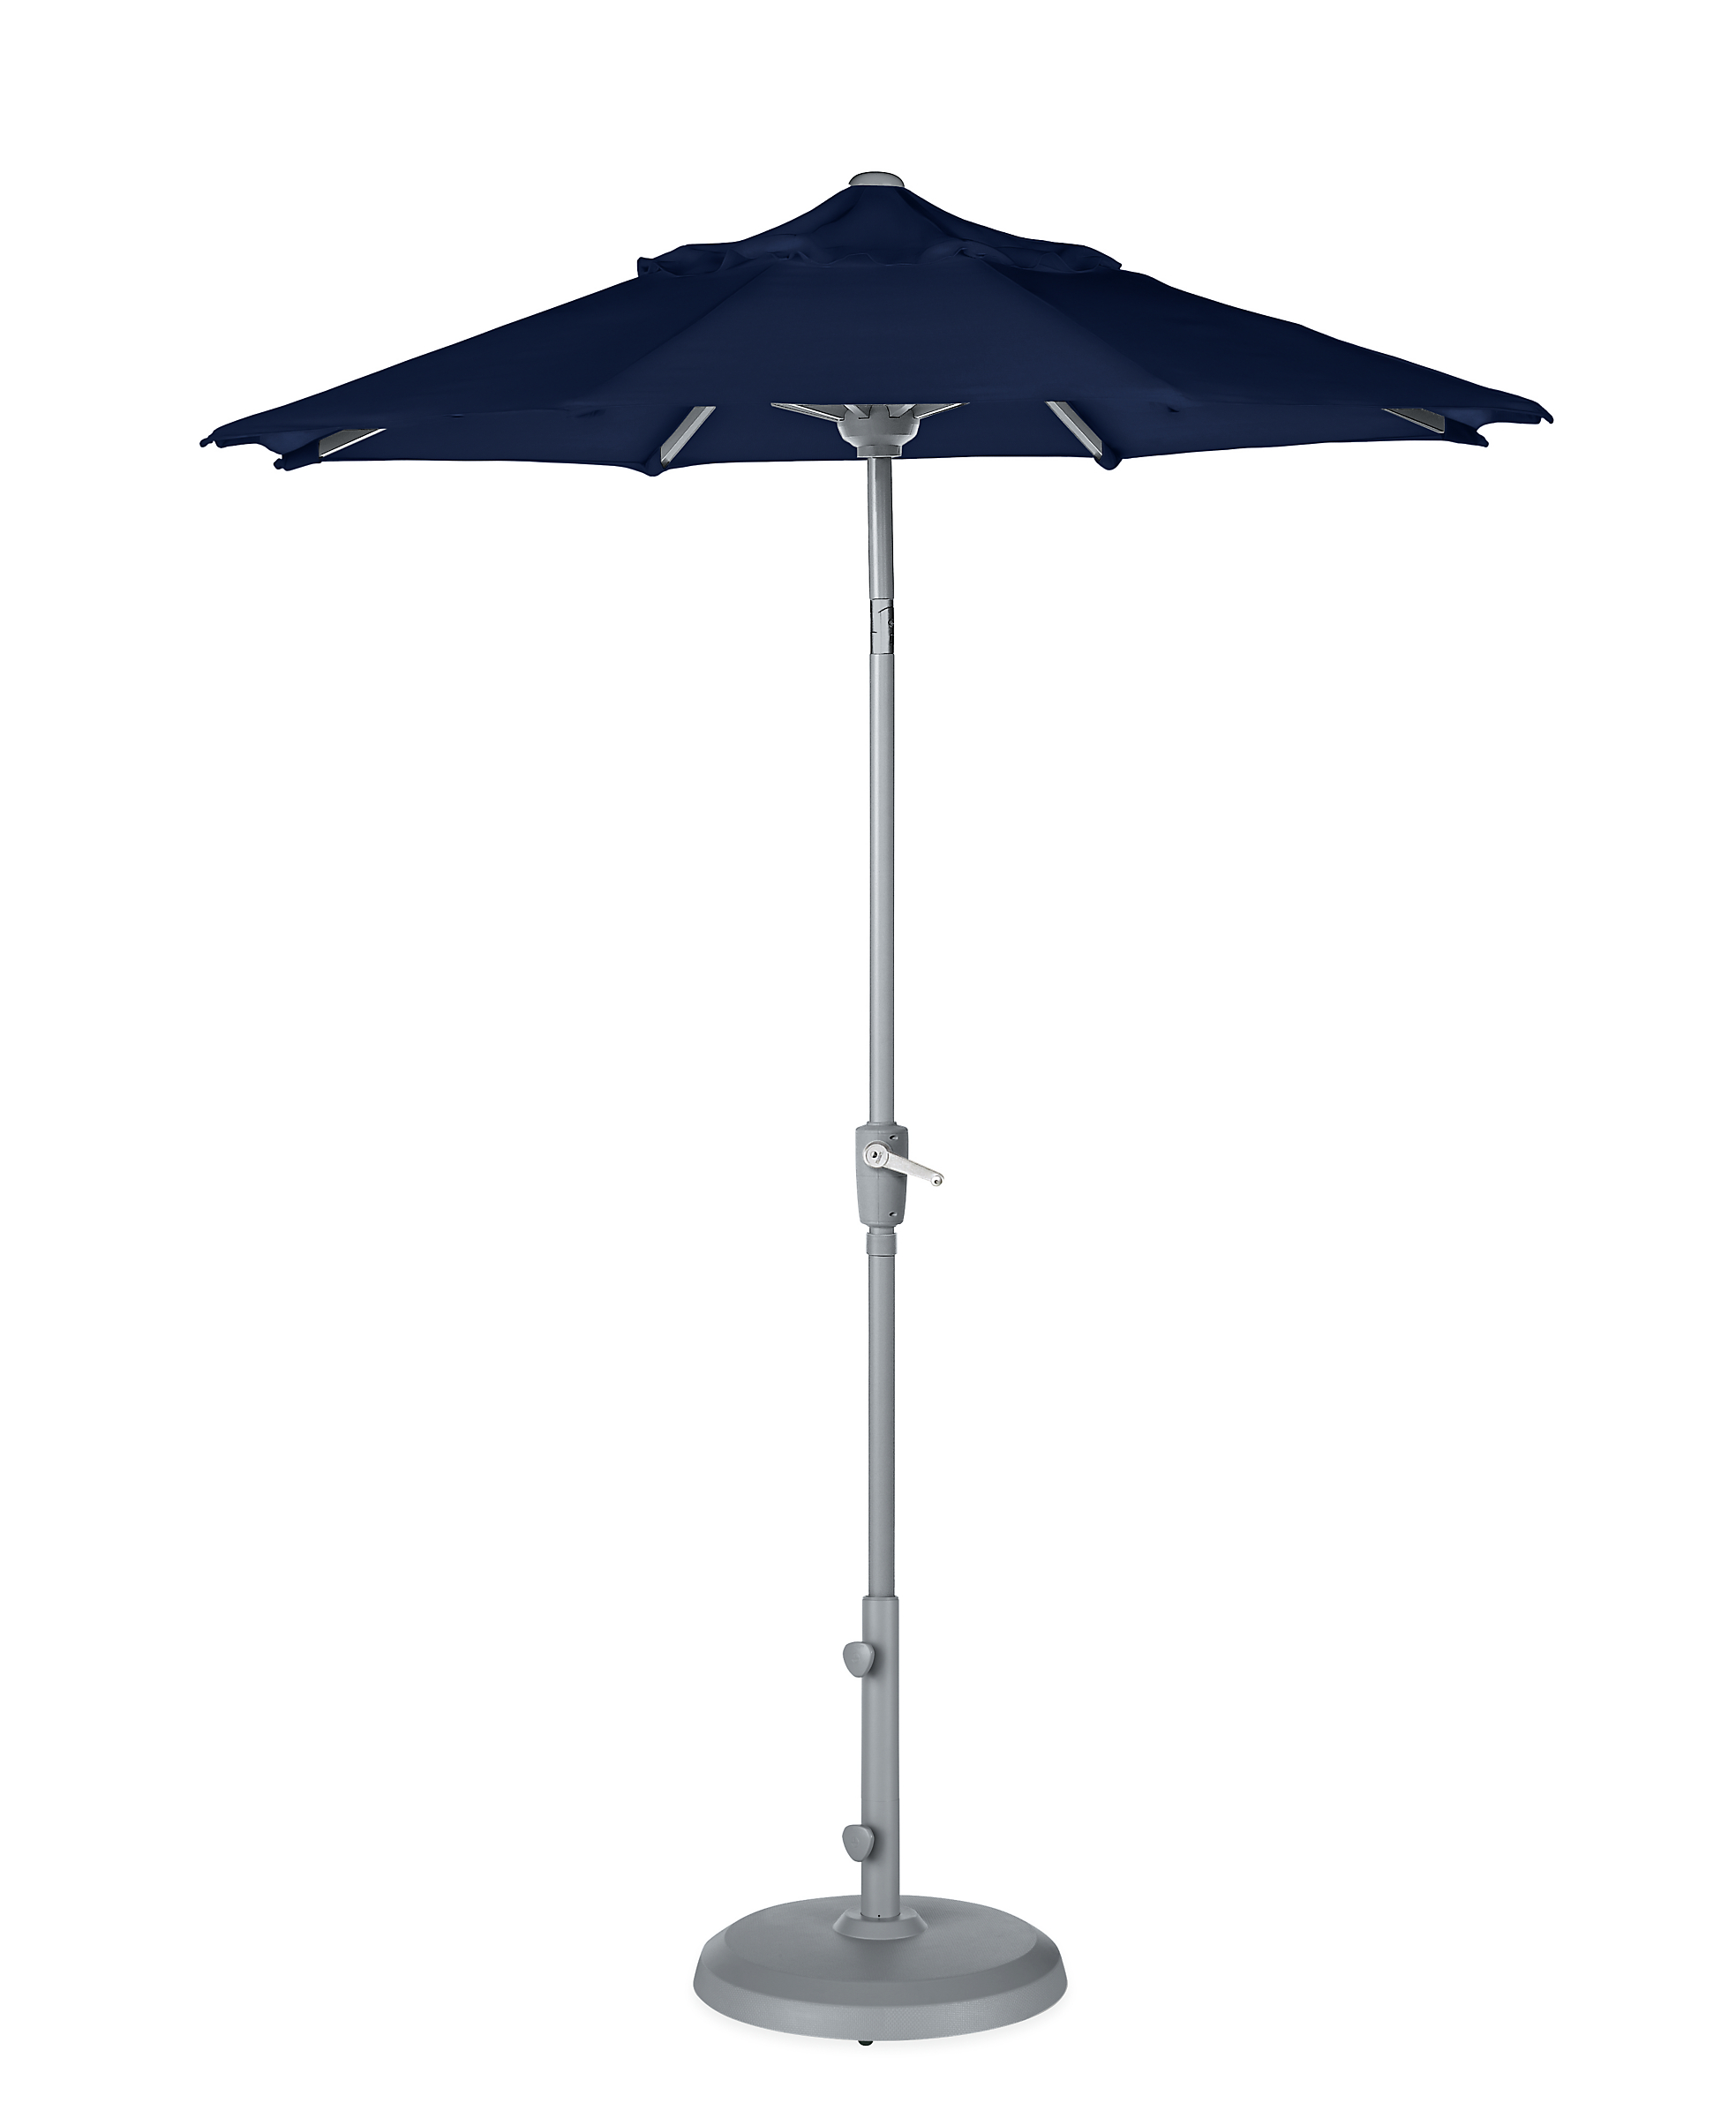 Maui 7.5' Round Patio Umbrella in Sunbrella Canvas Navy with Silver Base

------------

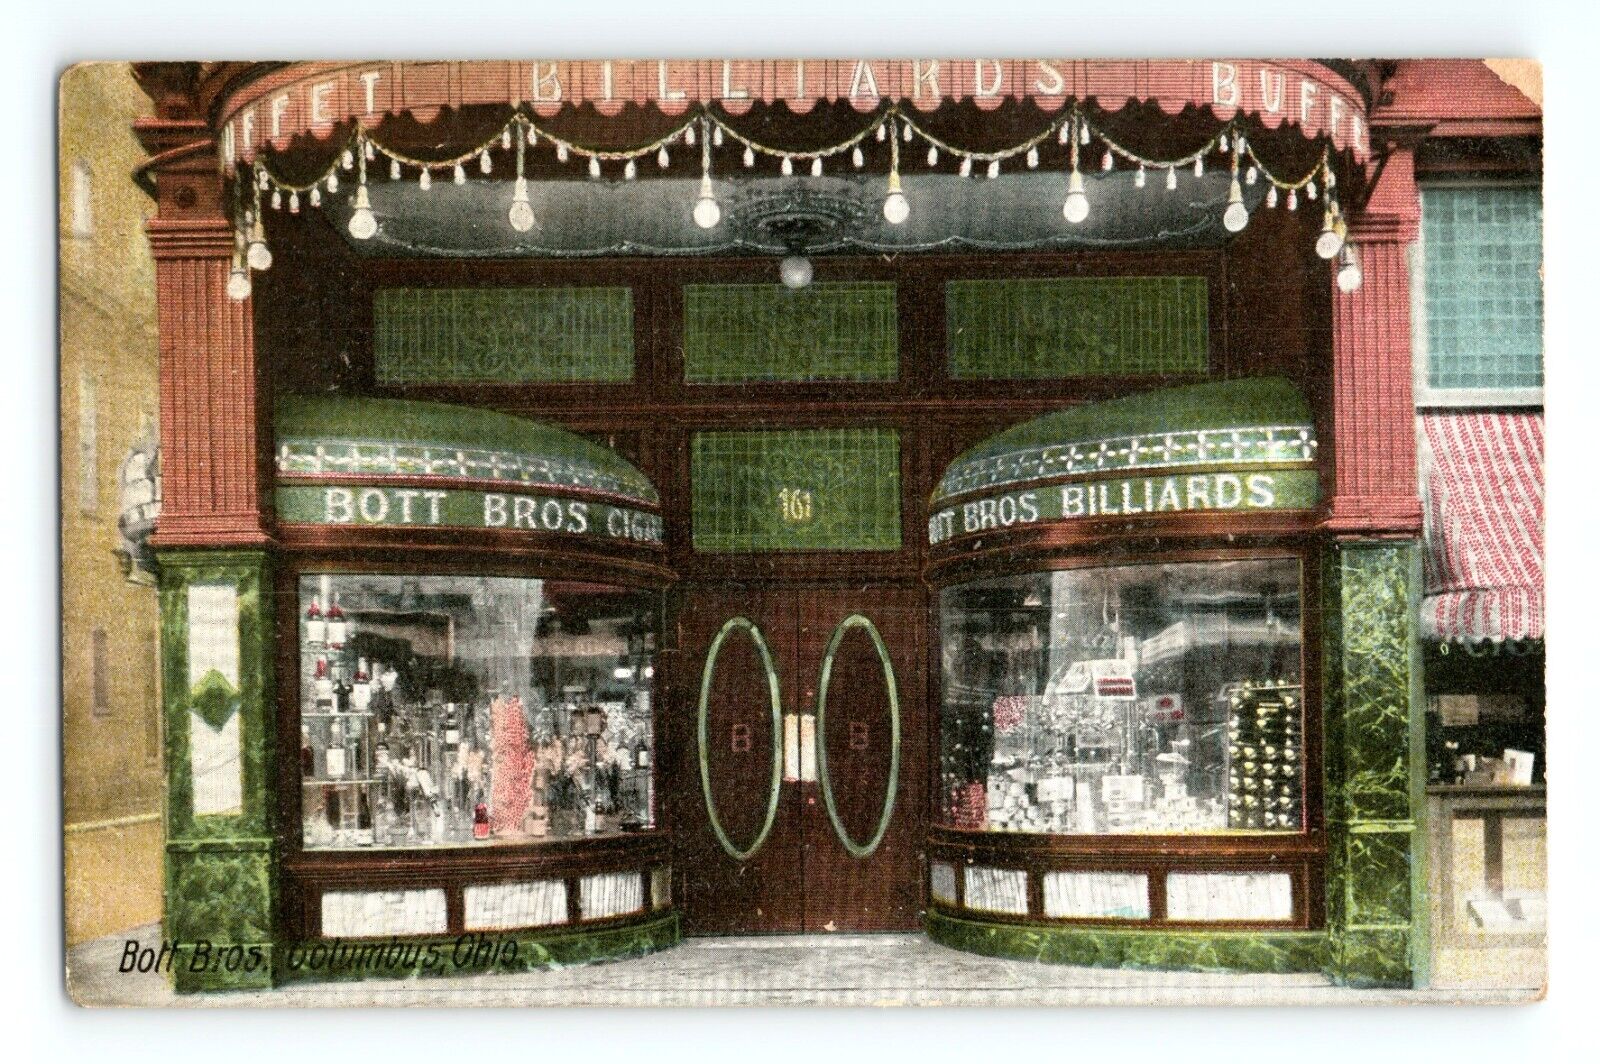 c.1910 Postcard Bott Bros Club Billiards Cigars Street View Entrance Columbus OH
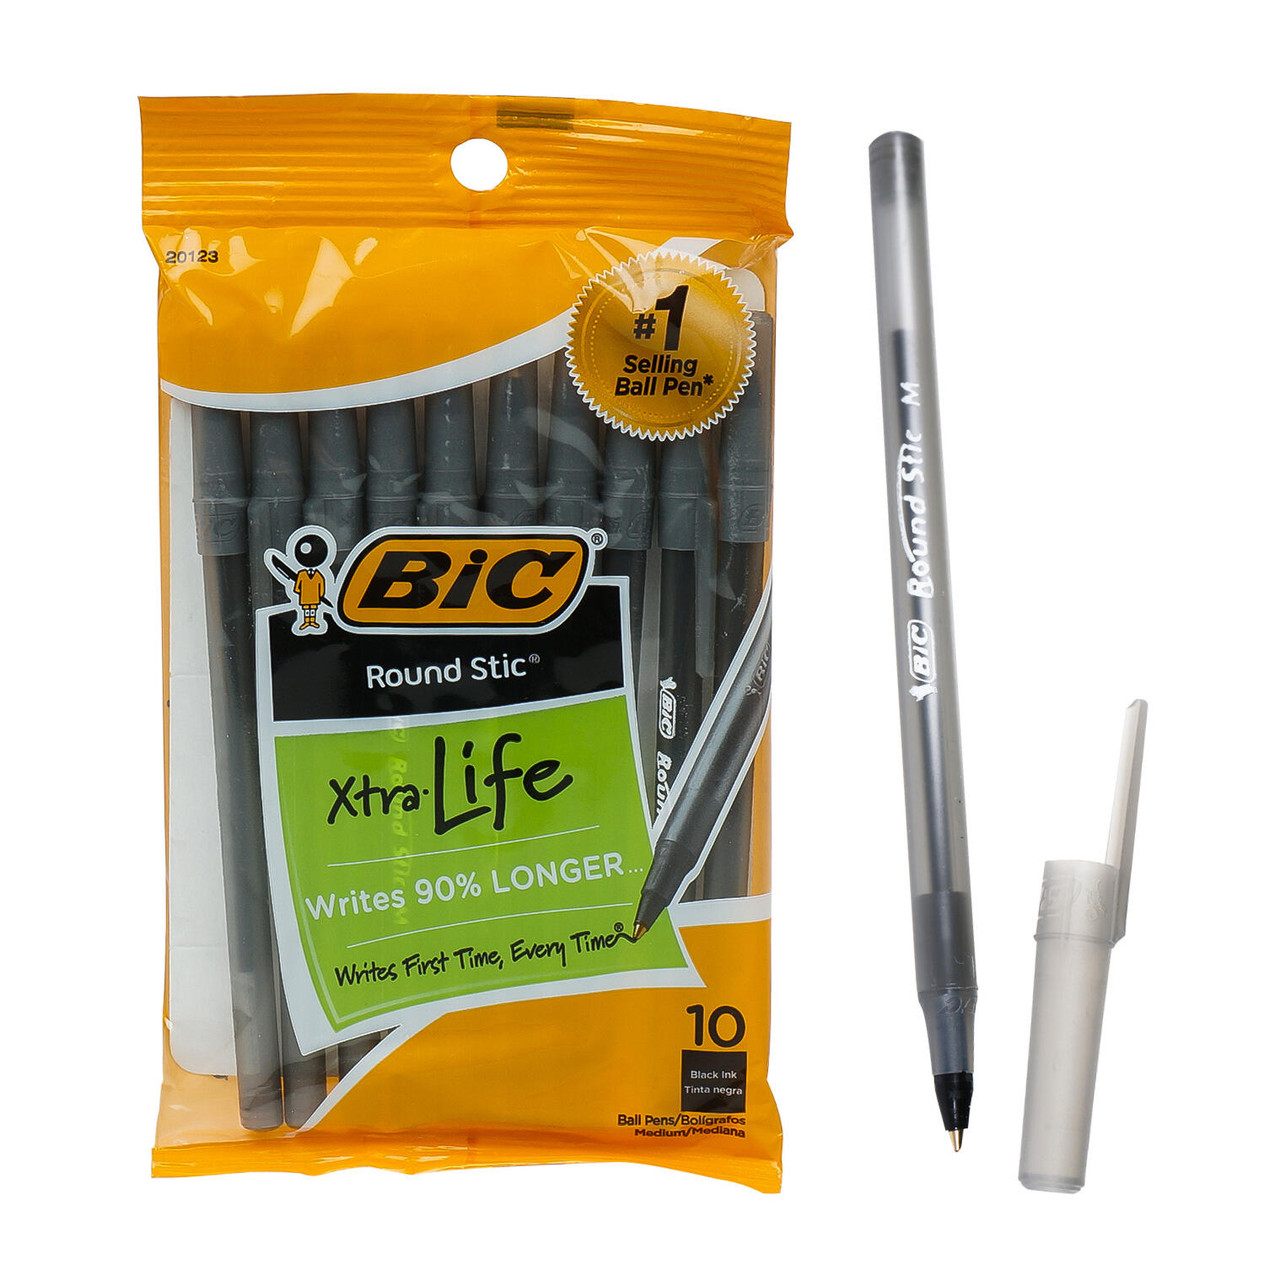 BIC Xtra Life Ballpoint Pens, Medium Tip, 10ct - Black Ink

------------

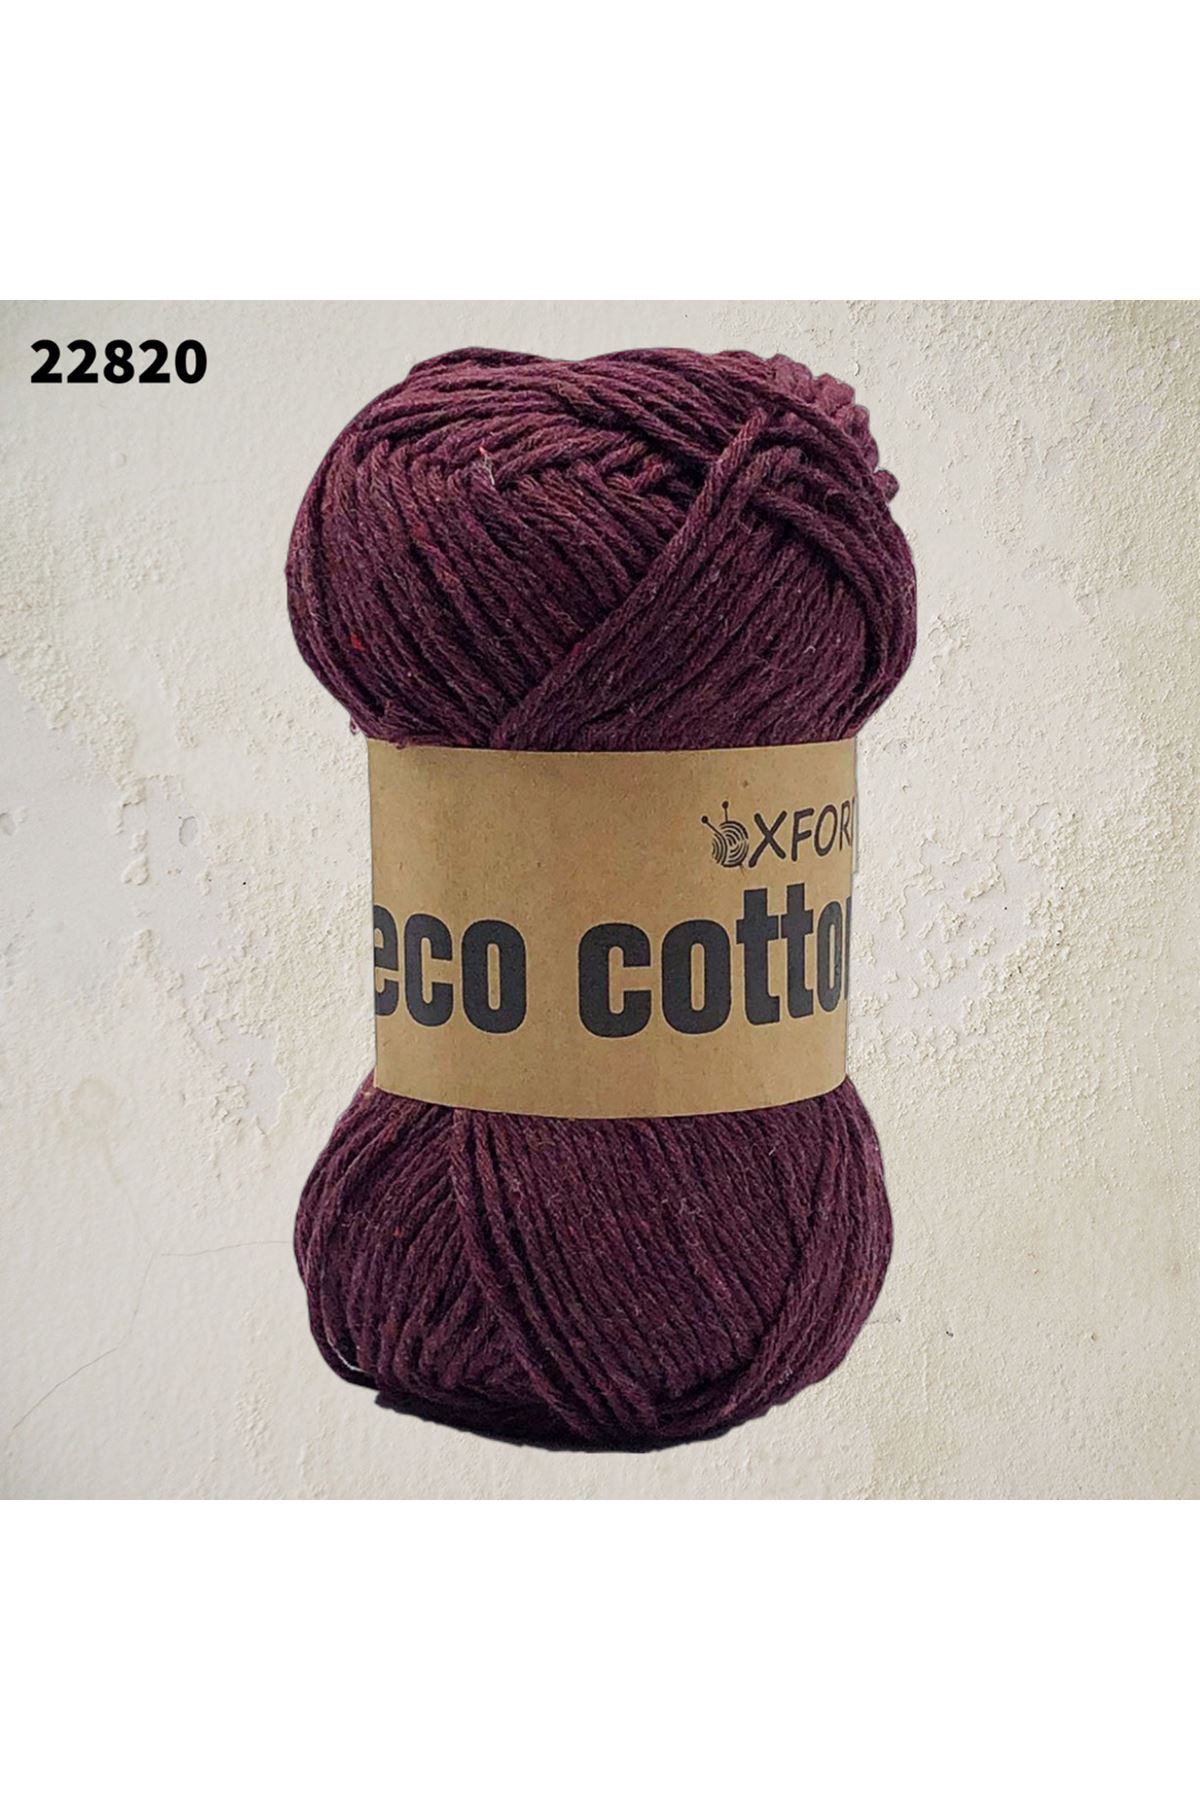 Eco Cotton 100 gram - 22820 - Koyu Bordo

------------

**WHAT THE EXERCISE ASKS**
Begin at the line in the entries above that has "c.1910 Postcard Bott", stop after the line that has "BIC Xtra Life", and output exactly those lines without pictures.

**SOLUTION BELOW**
 c.1910 Postcard Bott Bros Club Billiards Cigars Street View Entrance Columbus OH
 BIC Xtra Life Ballpoint Pens, Medium Tip, 10ct - Black Ink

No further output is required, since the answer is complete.